Fakat o yataylık meselesindezaten Sakat Muhabbet’in kendisi yatay bir muhabbet. Karşılaşmalara bağlı olarak ayrı düşürülmüş parçaların bir araya gelerek aslında daha önce mevcut olmayan ilişkileri icat ettikleri her türlü karşılaşma sakat muhabbet zaten. Çünkü o norm ve normun alanından bir tür sapmayı gerektiriyor ve düşünme işte tam da burada başlıyor. Yani sakat muhabbet meselesi benim için gerçekten normun alanını terk ettiğiniz zaman başlar. Bu arada sakat kavramı bile yine 19. yüzyılda sağlamlık tanımlandıktan sonra ortaya çıkıyor. 19. yüzyıl ilginç bir yüzyıl çünkü bioiktidarın, Michel Foucault’un özellikle altını çizdiği bioiktidarın yüzyılı yani artık nüfus biçimlenmeye başlanıyor.

Biliyorsun daha önce anatomi politik bir iktidar söz konusuydu.

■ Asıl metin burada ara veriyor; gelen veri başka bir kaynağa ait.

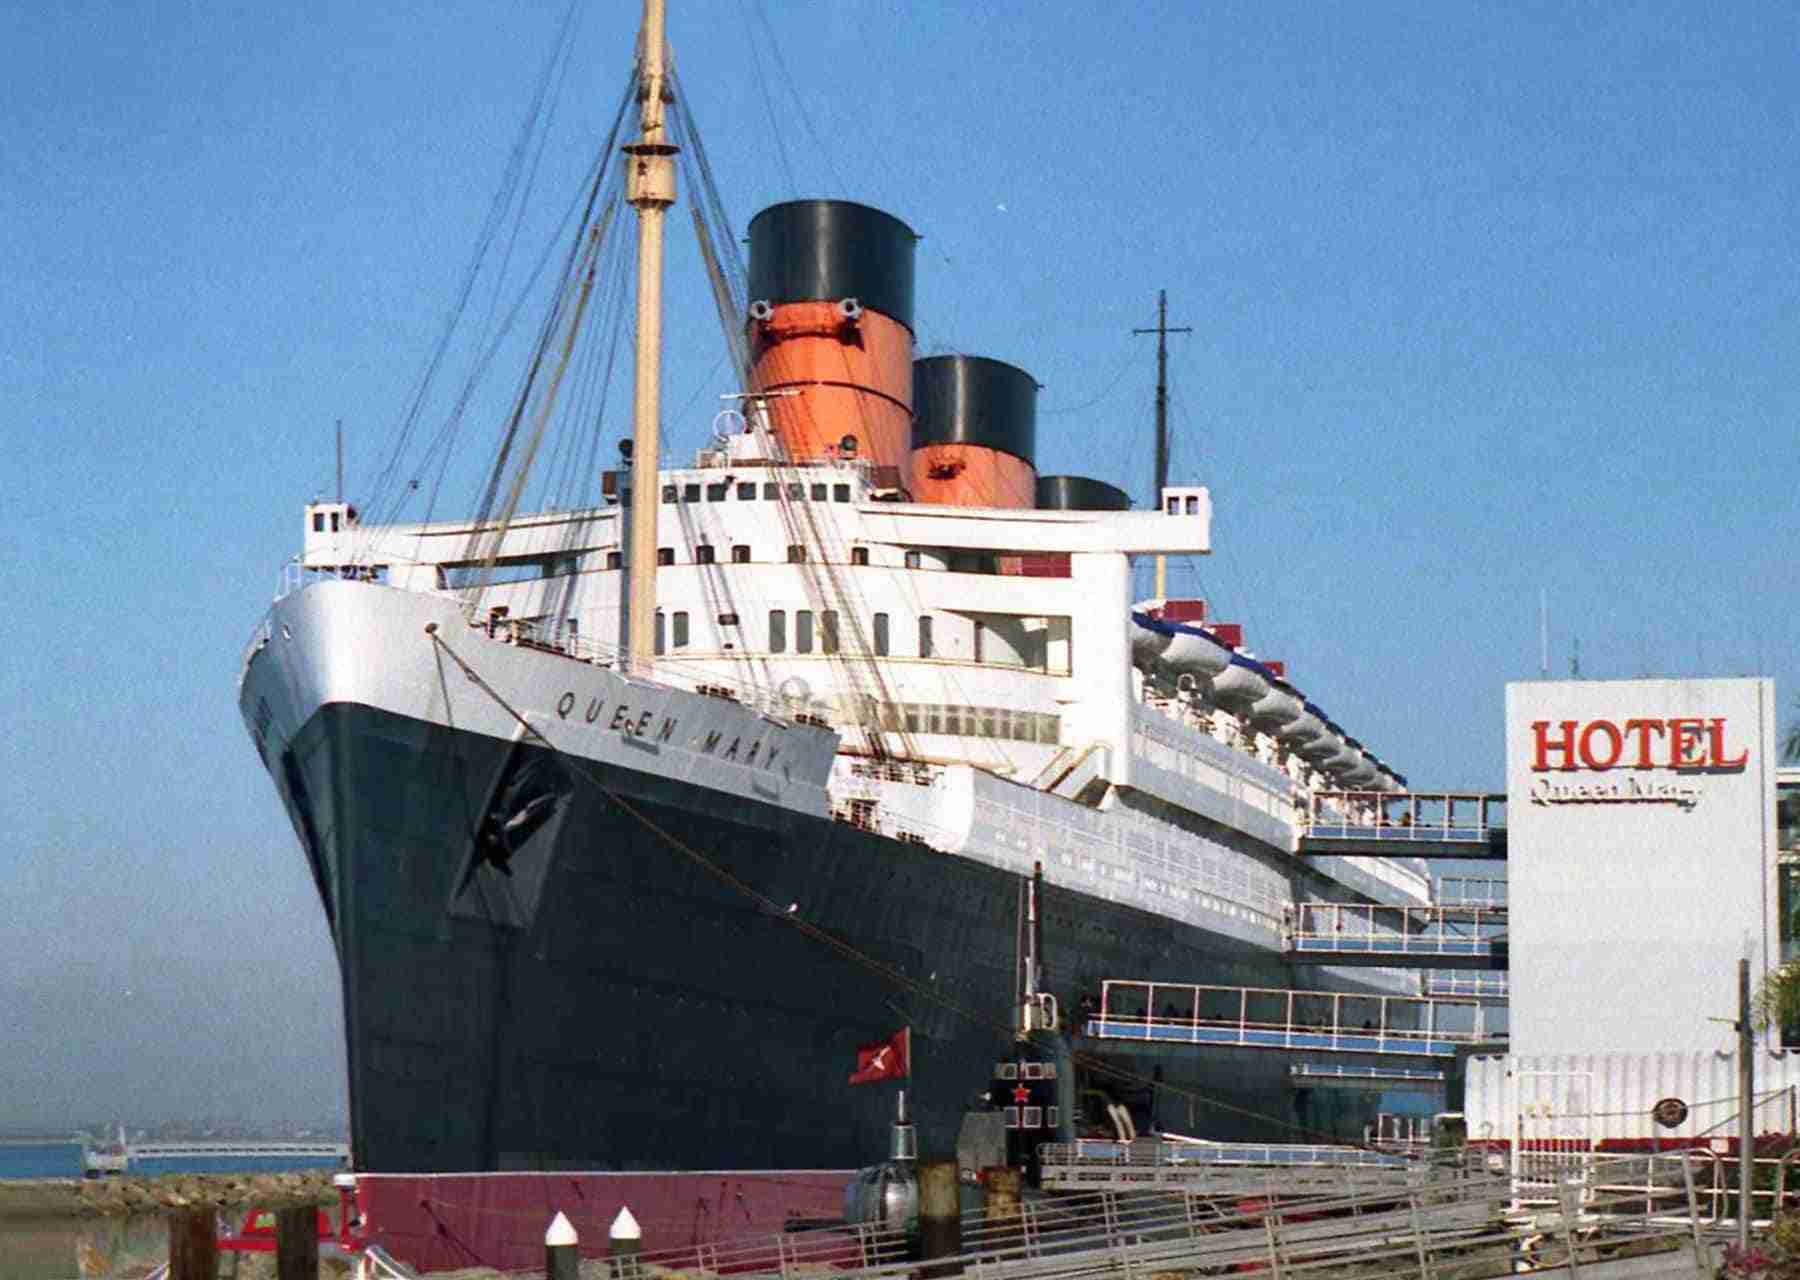 Spend your Valentines on the Queen Mary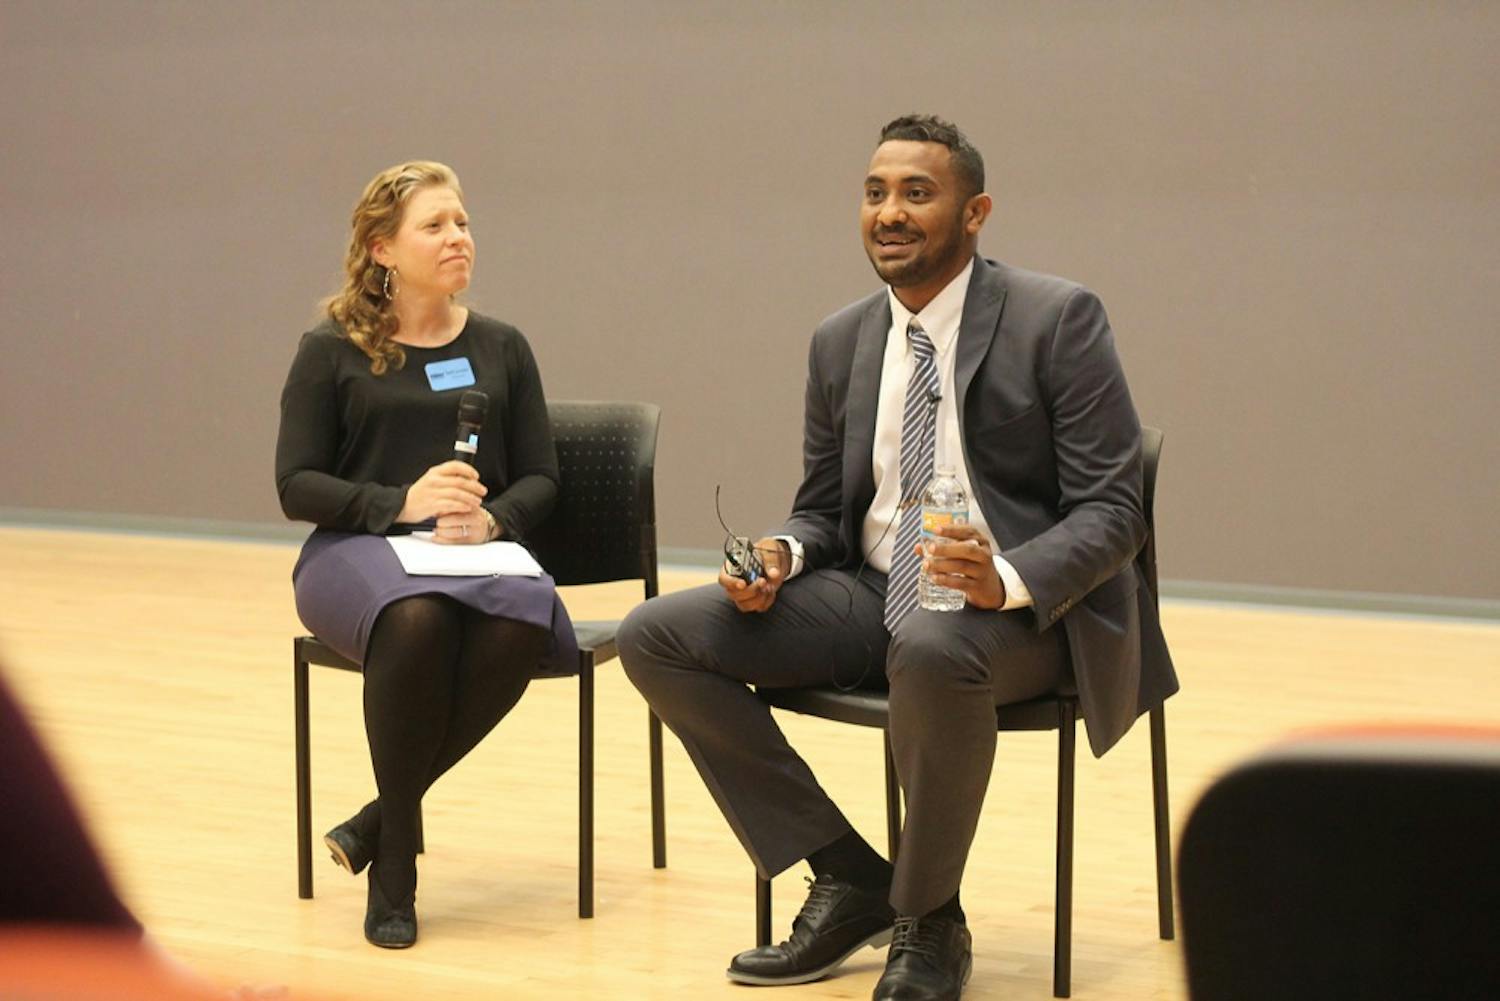 Mohamed Abubakr, a civil and human rights activist from Sudan, discusses his life experiences that led to his service in the nonprofit sector and refugee challenges throughout Africa.

Yani tek tek bedenler biçimlendiriliyordu
kapatma mekanlarında; okullar, aile, kışlalar... Fakat 19. yüzyılla birlikte popülasyonun kendisi biçimlendirilecek bir bedene dönüştü aslında. Toplumsal bedenden söz edebiliriz. Ve buradaki araç norm kavramı yani bir norm kavramını icat ederek ancak siz popülasyona belli bir biçim verebilirsiniz ki burada da yine norm ve popülasyon deyince istatistik de işin içine giriyor. 19. yüzyılda istatistik var ve siyasi matematik, aritmetik deniyor istatistiğe ve istatistik meselesi zaten popülasyonu belli bir norm kavramı etrafında biçimlendirmeye, sayısal bir biçim vermeye yönelik bir alete dönüşüyor. Dolayısıyla bir bedenin nelere muktedir olabileceğini ne yazık ki bir norm toplumunda, normalleştirme toplumunda bilemiyoruz. Çünkü bedenlerimiz hakikaten ele geçirilmiş, işgal edilmiş vaziyette. Yani bu bedenlerin ele geçirilmesi öyle bir şey ki, farklı türden davranma meselesini biz kendimiz aslında anormal olabilir miyiz diye korkuyoruz yani farklı olarak düşünme, farklı olarak davranmadan korkuyoruz.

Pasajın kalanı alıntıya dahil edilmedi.